L’entreprise finlandaise IQM développe un ordinateur quantique de 300 qubits qui, selon elle, marque la transition de l’ère NISQ actuelle vers des machines entièrement tolérantes aux pannes.
Une machine de 150 qubits sera livrée au laboratoire de recherche finlandais VTT en 2026, suivie d’un système de 300 qubits en 2027. Ce dernier est alimenté par deux processeurs quantiques supraconducteurs de 150 qubits et sera spécialement conçu pour servir de banc d’essai pour la correction quantique des erreurs (QEC) afin de permettre la recherche et le développement d’ordinateurs quantiques tolérants aux pannes.
« C’est la première fois que quelqu’un développe un ordinateur quantique avec autant de qubits », explique Mikko Välimäki, co-directeur général d’IQM, à eeNews Europe.« Cet ordinateur quantique supraconducteur de 300 qubits offre le plus grand nombre de qubits supraconducteurs dans le monde. En outre, le calendrier de livraison est rapide », déclare Piia Konstari, chef de projet pour le processus d’appel d’offres du VTT concernant les ordinateurs quantiques.
La machine utilise une architecture Noisy Intermediate Scale Quantum (NISQ) pour ses qubits supraconducteurs fabriqués à l’usine IQM d’Espoo, en Finlande, bien que l’entreprise construise également une usine à Grenoble, en France. Il s’agit de l’une des dernières machines à utiliser l’approche NISQ avant de passer à des machines plus grandes et tolérantes aux pannes, dotées de millions de qubits.
« Qu’il s’agisse de NISQ ou de tolérance aux fautes, la transition sera progressive », a déclaré M. Välimäki. « Il y aura 300 à 1000 qubits dans l’ère NISQ, puis 5000 à 10 000 qubits qui seront avec correction d’erreurs. Il s’agit d’une plate-forme de transition, et nous parlons de cette machine comme de la première machine à correction d’erreurs qui sera certainement disponible pour n’importe quel client.
« Ce système de 300 qubits sera utilisé pour la correction d’erreurs. Nous travaillons avec des partenaires sur des codes de correction d’erreurs sur des FPGA, des GPU et des CPU, et nous commençons à travailler avec chacun d’entre eux en ce moment. Certains sont plus intéressants que d’autres.
« Nous avons préparé l’offre et travaillé sur les spécifications techniques pendant un an, mais nous avons convenu avec VTT de ne pas divulguer les spécifications à ce stade, car il ne s’agit pas d’une annonce de produit. Nous envisageons différentes configurations pour différents cas d’utilisation. Nous pourrions avoir une combinaison de topologies dans un seul ordinateur, donc nous pourrions avoir une topologie Crystal, une Crystal et une Star ou deux Stars.
Il a toutefois évoqué l’utilisation de chiplets de 150 qubits pour construire des machines plus grandes.
L’ordinateur quantique de 300 qubits sera spécialement conçu pour prendre en charge les expériences de correction d’erreurs quantiques, une étape essentielle vers l’informatique quantique tolérante aux pannes. Le système devrait permettre la recherche d’algorithmes pour des techniques telles que le tricotage de circuits.
« Nous pensons qu’il y a une énorme différence dans la plateforme logicielle à mesure que nous avançons, elle est plus flexible que celle d’IBM ou de Google, avec un kit de développement logiciel (SDK), un libre choix d’outils de programmation et un accès de niveau inférieur aux qubits ».
Les deux ordinateurs quantiques seront intégrés à l’infrastructure HPC finlandaise.
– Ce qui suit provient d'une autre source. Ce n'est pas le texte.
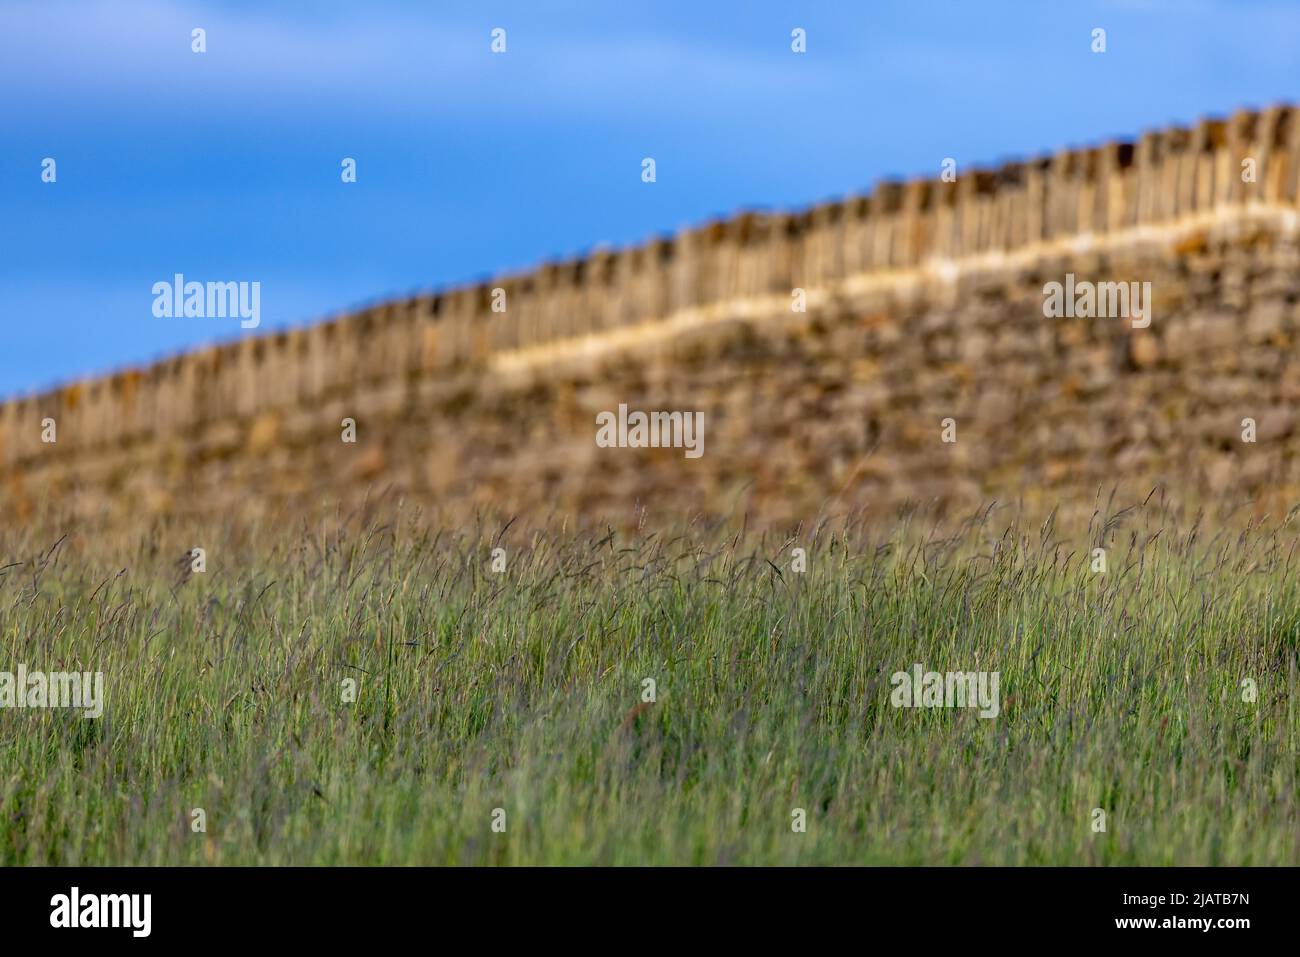 Dry stone wall in Bury countryside. Stock Photo

IQM a déjà livré des machines de 5 qubits, 20 qubits et 50 qubits à VTT. La machine de 5 qubits coûte 1 million d’euros, et la machine de 300 qubits sera d’un prix similaire par qubit, explique Välimäki.
« L’un des défis posés par les systèmes installés chez l’utilisateur a été le prix : comment vendre de tels systèmes pour 50 ou 100 millions de dollars? alors nous avons envisagé la question sous un angle différent. Il doit être plus abordable que cela, en particulier pour les universités. Nous voulons abaisser le prix du qubit au fur et à mesure, et non pas l’augmenter par rapport à ce qu’il est aujourd’hui », a-t-il déclaré.
« La fabrication de la puce est coûteuse et nous avons notre fonderie en Finlande, que nous agrandissons au fur et à mesure, ce qui permettra de réduire les coûts, mais la pression sur les prix ne va pas disparaître », a-t-il déclaré.
« La topologie actuelle n’est pas tenable car les câbles et les composants sont très chers, le prix de l’électronique est extrêmement élevé par rapport au prix du système, mais l’électronique que nous utilisons aujourd’hui n’est pas la même que celle que nous utiliserons dans deux ans, et les câbles ne seront pas les mêmes ».